In other embodiments, the configuration may be automatic, based on
the output of the movement detection system 38 (as in a clustering
task where when the movement detection system recognizes a display
of two fingers, this is programmed to be associated with two
clusters by the controller 34).
[0050] At S104, items such as documents 52, 54, are received and
stored in memory 36. For each item, a corresponding graphic object
in a set of graphic objects to be displayed is associated with the
item.
[0051] At S106, the pre-configured contextual menu 82 may be
activated by a user gesture, such as touching the screen with a
user finger or moving the hand in the 3D space. The user
interaction is detected by the touch screen 15 or sensor 12 and
signals corresponding thereto are received by the detection
component 38 of computer 30. There may be different user gestures
associated with different modes of operation, such as a first user
gesture for classification which brings up a menu adapted to
classification of documents and a second user gesture for
clustering, which optionally brings up a menu adapted to clustering
of documents, and so forth.
[0052] At S108, the contextual menu 82 is displayed on the touch
screen, for example, around the fingers of the hand. To select a
particular command to configure it for performing an action, a
finger on the user's hand 84 may be used to tap one of the
contextual menu icons 72, 74, 76, 78, 80, and a signal
corresponding to the touch is received by the configuration
component 44 at S110. In one embodiment, the menu options may
correspond to different search and retrieval criteria such as
keywords, which may be predefined or selected by the user. In other
embodiments, each icon represents a respective category label
corresponding to a class for which a predictive classifier has been
trained to score documents with respect to the class. The user
performs the gesture which is to be associated with this menu
option. This is detected by the 3D sensor and a signal
corresponding thereto is received by the configuration component
44. This allows the user to configure the gesture corresponding to
this menu option. The process may continue until there are no more
functions to be configured S112. If the contextual menu 82 is
already displayed on the display 14, a user can continue with the
configuration by selecting a different menu option.

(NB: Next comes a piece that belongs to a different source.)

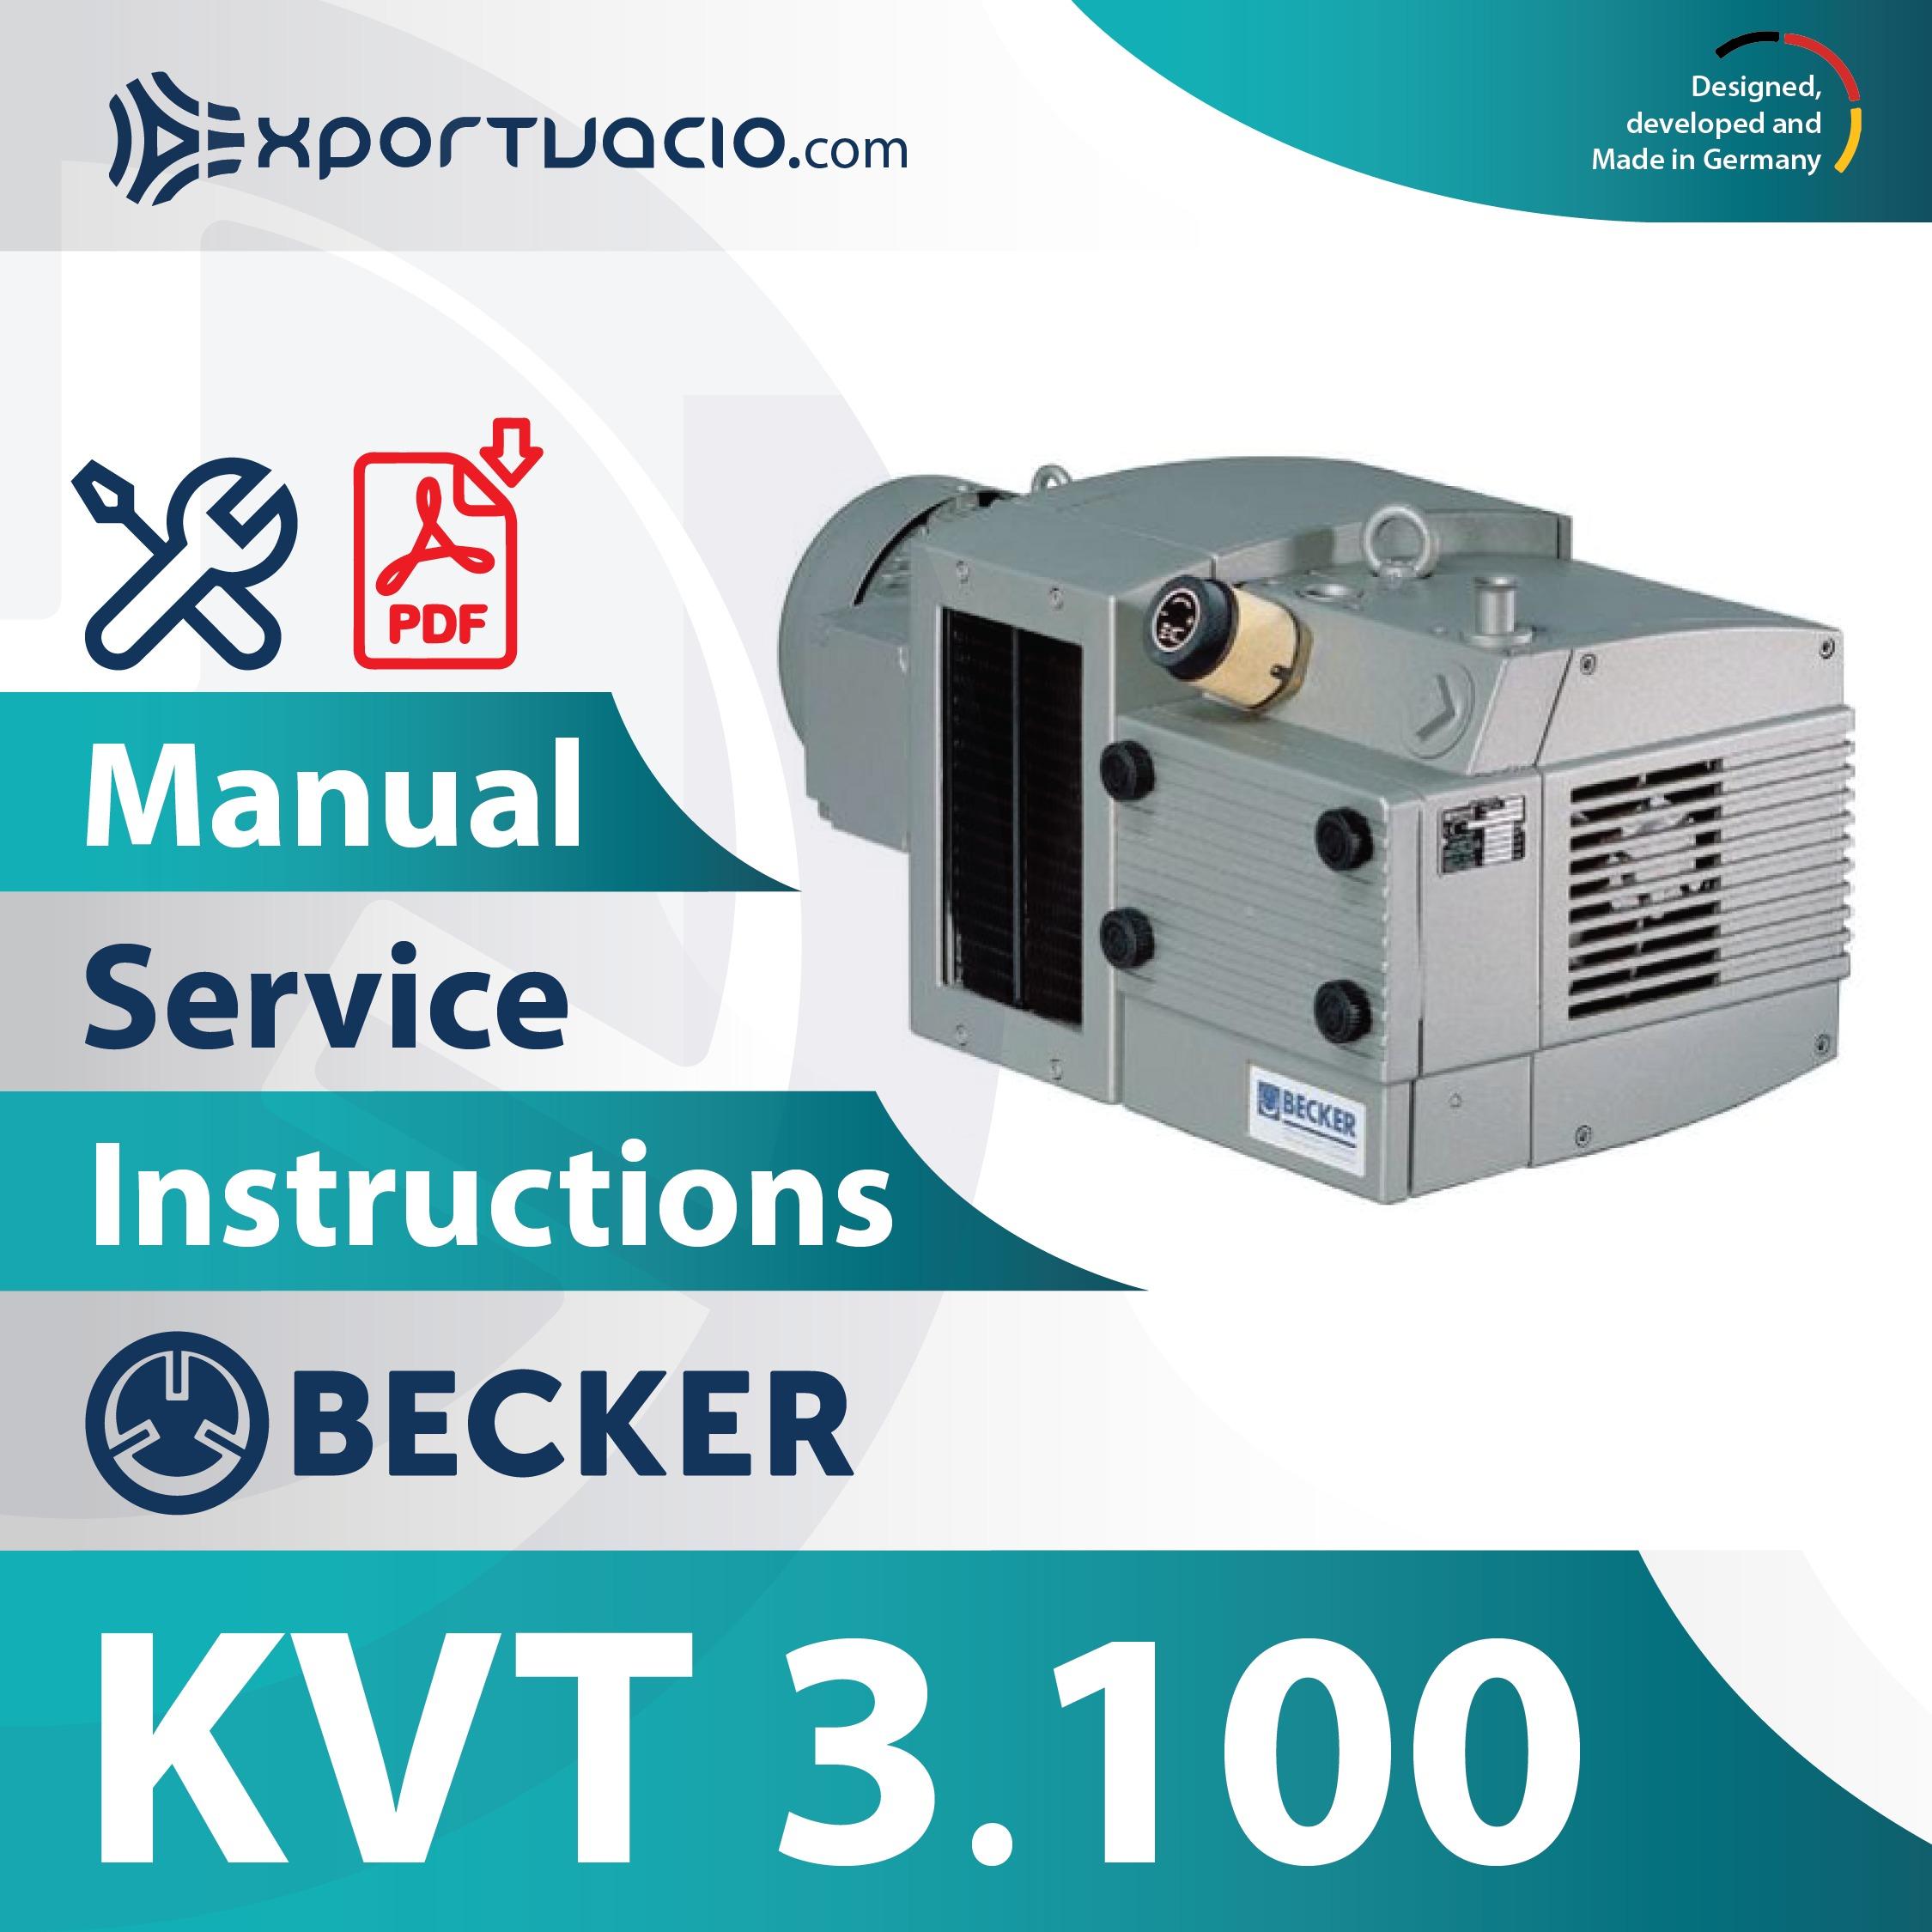 Becker KVT 3.100

[0053] Once the contextual menu 82 has been configured, manually or
otherwise, the user can select one of the menu options, for
example, by touching the screen to activate the contextual menu 82
again and selecting one of the menu options by touching one of the
icons, and the user's selection is received by the computer. For
example, a classification operation can be activated by touching
the touch screen 15 in the 2D space or by moving the user's hand 84
in the 3D space (i.e., through a touchless gesture) over a group of
documents 52, 54 displayed on the touch screen 14. In the
illustrated embodiment, the user touches, e.g., taps, one of the
icons displayed in the wheel menu 82, each icon being positioned
close to a respective user's finger placed on the screen for ease
of operation.
[0054] The menu 82 optionally has a second (or more) level of
options that appear once a particular category has been selected
through a first finger tap on one of the icons 72, 74, 76, 78, 80.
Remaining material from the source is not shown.